Confederate Money. Paul Varnes
Florida paper money was just as valuable as silver. It held its value through much of the war. Confederate paper money, with nothing to back it up, didn’t. Actually, all eleven Southern states printed their own money. They planned to make it good in various ways.
Three days after purchasing the medical bag we came to an isolated farmhouse north of Blountstown. It was just a house in the woods. There wasn’t much of a farm there. Having talked frequently about home cooking, we decided to ride in and beg, or buy, some home-cooked food.
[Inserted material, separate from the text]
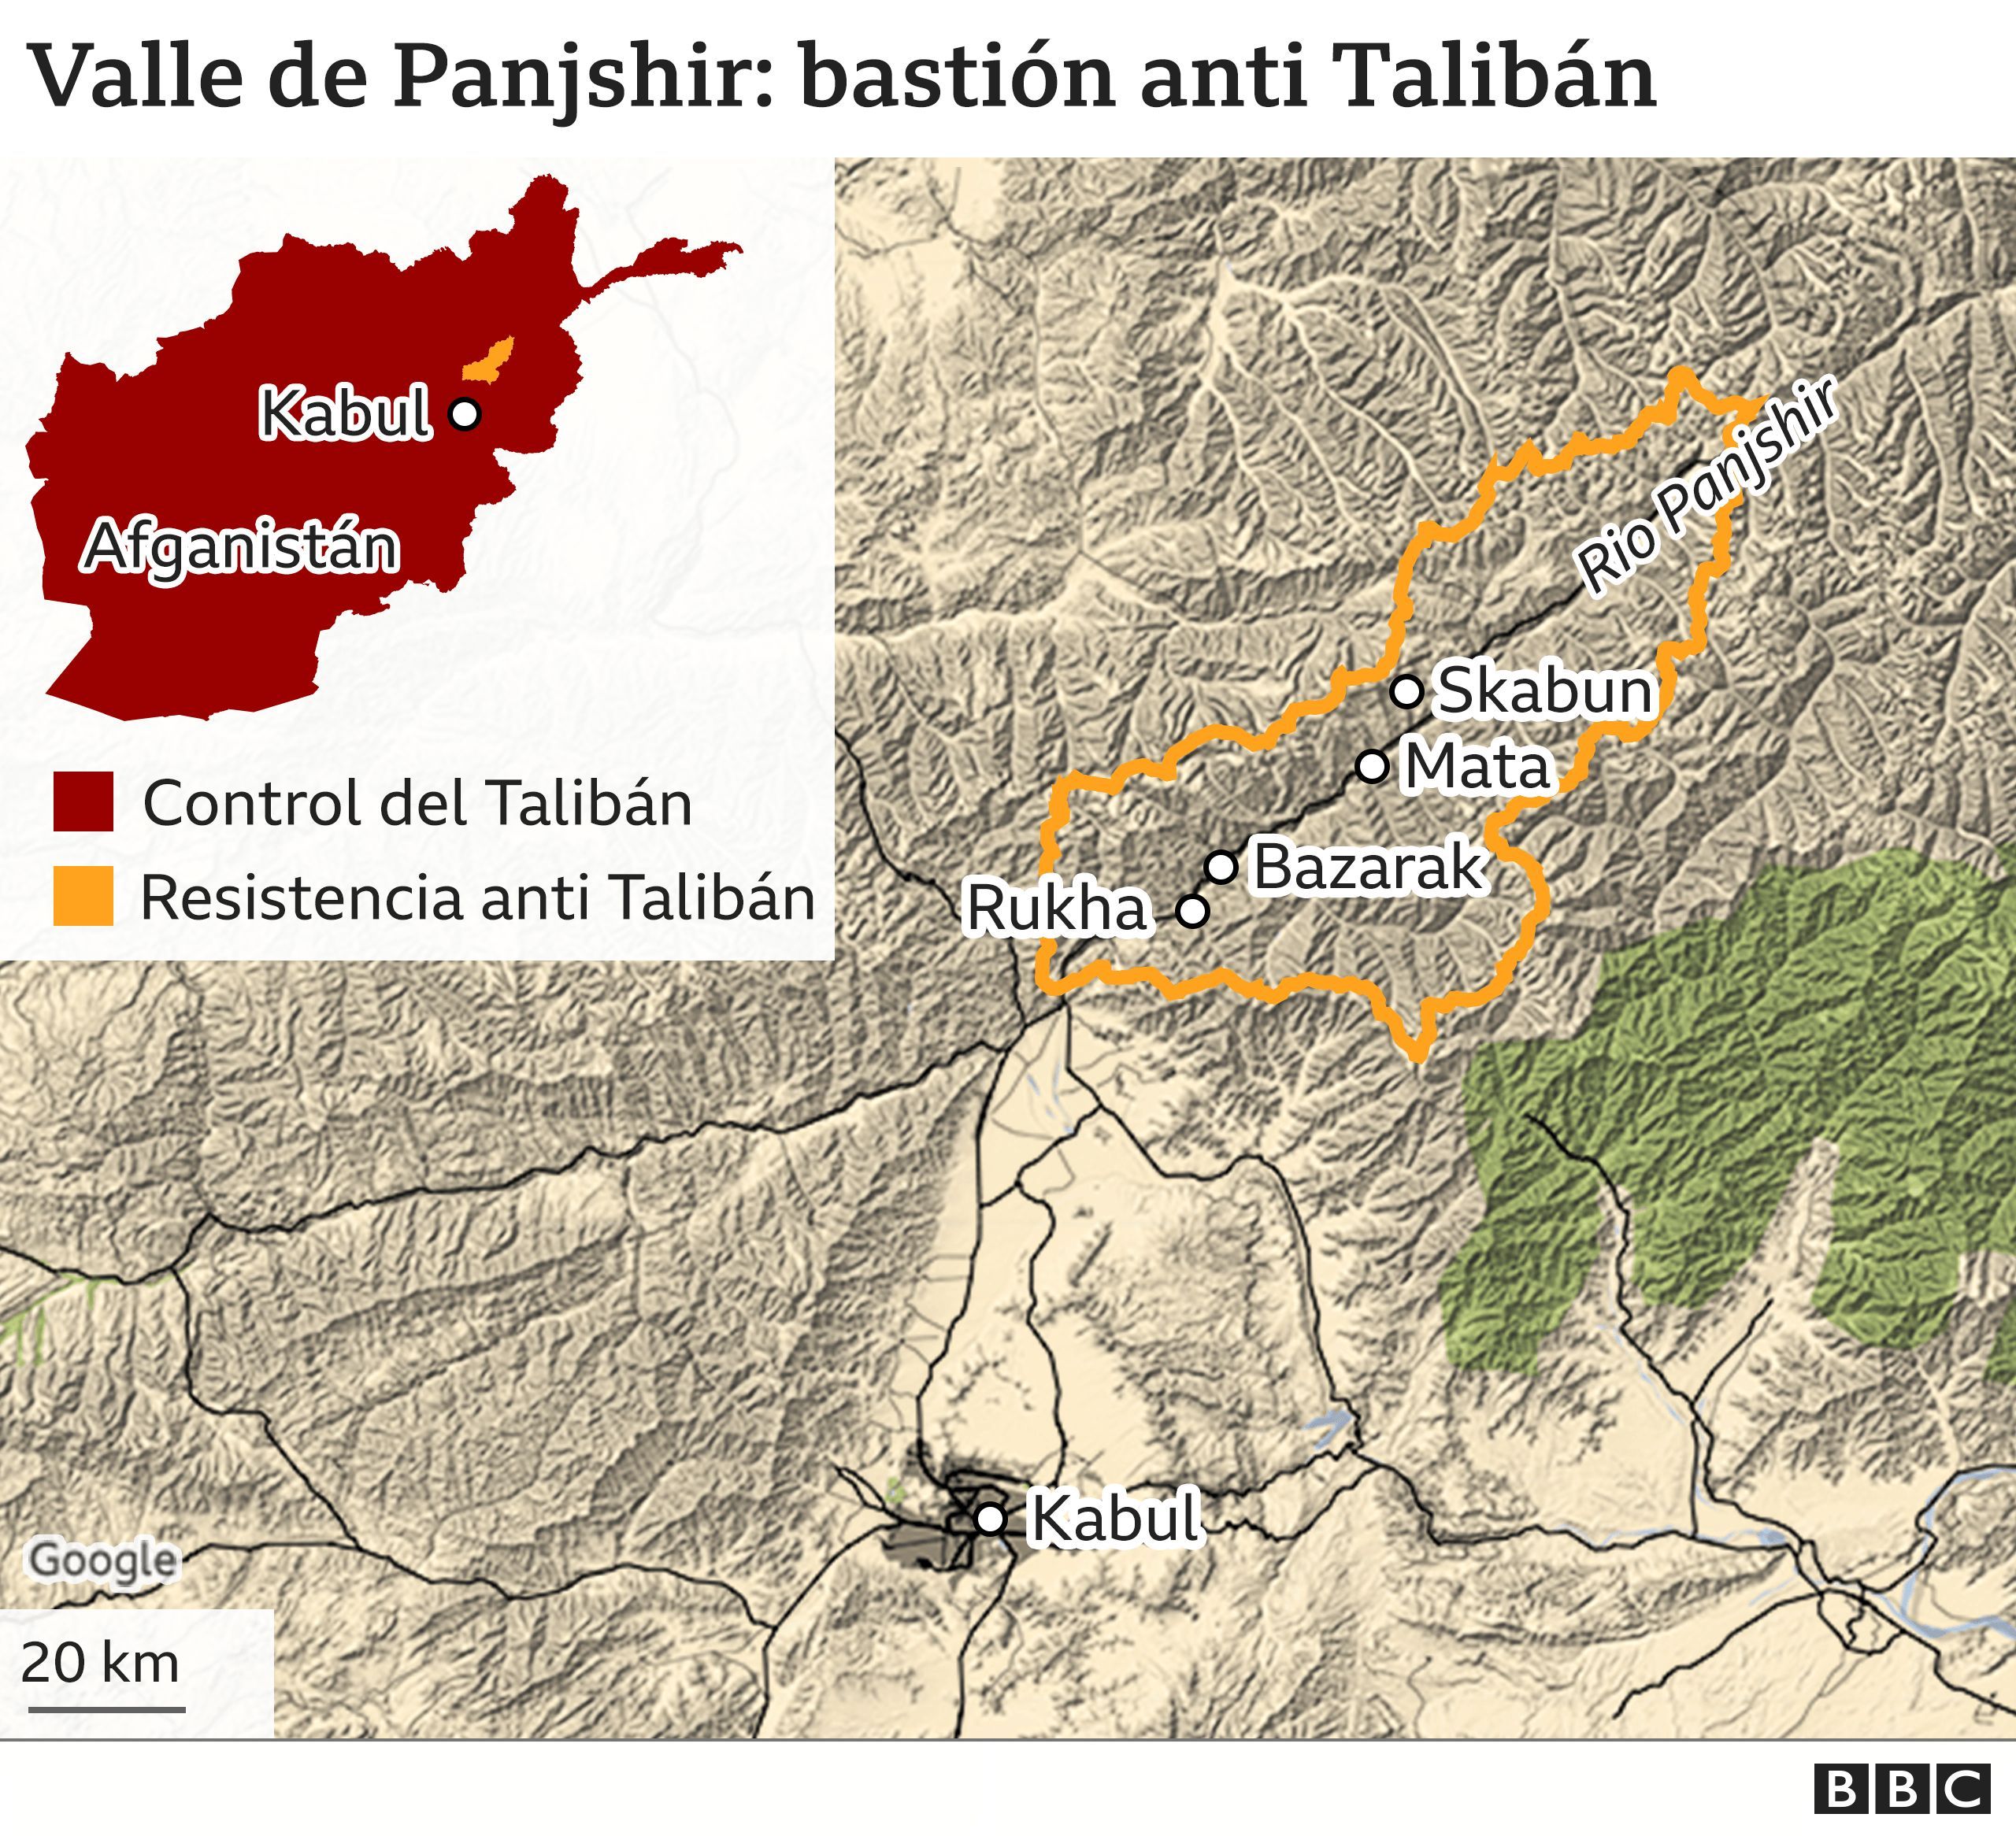 Mapa de la región del valle de Panjshir

Two barking dogs met us eighty yards from the house. The bluetick coonhounds looked harmless enough. As we approached the house with the blueticks yapping around us, a woman in her late twenties stepped out the front door with a shotgun across her arm. Even at forty yards I could see the hammer was back. A small boy of ten or twelve stepped out behind her with a squirrel rifle across his arm. Pulling his horse up, Henry raised his right hand. I followed suit. Henry spoke, but couldn’t be heard over the dogs so the boy came forward and quieted them.
“We’re a physician and his assistant on our way to Pensacola. We’re looking for a warm meal and friendly greeting along the way,” Henry said.
“Coon, tie those dogs. Are you a real physician?” the woman asked.
Without saying anything, Henry lifted his bag. The initials on it were H.W. That was when he temporarily took the name Henry Watson. I had learned to keep my mouth shut, as hard as it might be to believe, and was whoever he introduced me as. He said it might prevent complications down the road.
The woman, Ella Mae, got Henry’s mare’s bridle and tied her up in front of the house.
“I’ve got a sick child, please help me with her,” she was saying, tears in her eyes. “She’s not sick right now, but she gets down with tonsillitis every couple of weeks. It’s getting more frequent and is worse every time. She’ll probably choke to death next time. I don’t know a doctor and don’t have any money. Please help us.”
Henry replied, “A little hope is better than no hope at all.”
He was talking to me but she didn’t know it.
Taking his medical bag, Henry walked in just like a doctor on call. The girl, Mary, looked well enough at the moment.
Summoning me to his side, Henry said, “Benjamin, look down her throat.”
He knew my name was just plain Ben, but I looked. There wasn’t any infection, and her forehead was cool.
“We’re going to try to help you out. You have to help us out by being brave. Why, you have the same beautiful blue eyes as your mother,” Henry said to the girl.
He was already looking in her eyes and ears, and passing out the smooth talk. I could almost smell the chicken frying. Strangely enough, Henry really looked like a doctor.
“Stand outside and face the sunlight so we can see what we’re doing,” Henry told the girl.
I turned to him and whispered, “Are you crazy? We can’t take her tonsils out.”
“Sure we can. It tells about it in the book. I’ve had mine out. I was awake and watched most of it. Also, they need to come out now while they aren’t infected. They can’t be taken out while they’re swollen.” he said.
After starting a small fire, Henry put a small, slender, flat instrument in it until the instrument was red hot on one end. Still talking to Mary all the time, he gave her a couple of drops of laudanum and talked her in to letting him blindfold her, all laid out on her back. He then washed his hands and scissors. Putting Ella Mae and Coon by Mary’s sides to hold her hands and comfort her and me at her head to keep it steady, Henry gave her a whiff of chloroform. He then put a roll of leather in one side of her mouth to keep it open. While holding her tongue out, he started fishing down her throat with a loop on the end of some thread. When he had her tonsils snared, he reached down her throat with his scissors, whacked them off and pulled them out with the thread. Of course there was some blood until he cauterized the wound.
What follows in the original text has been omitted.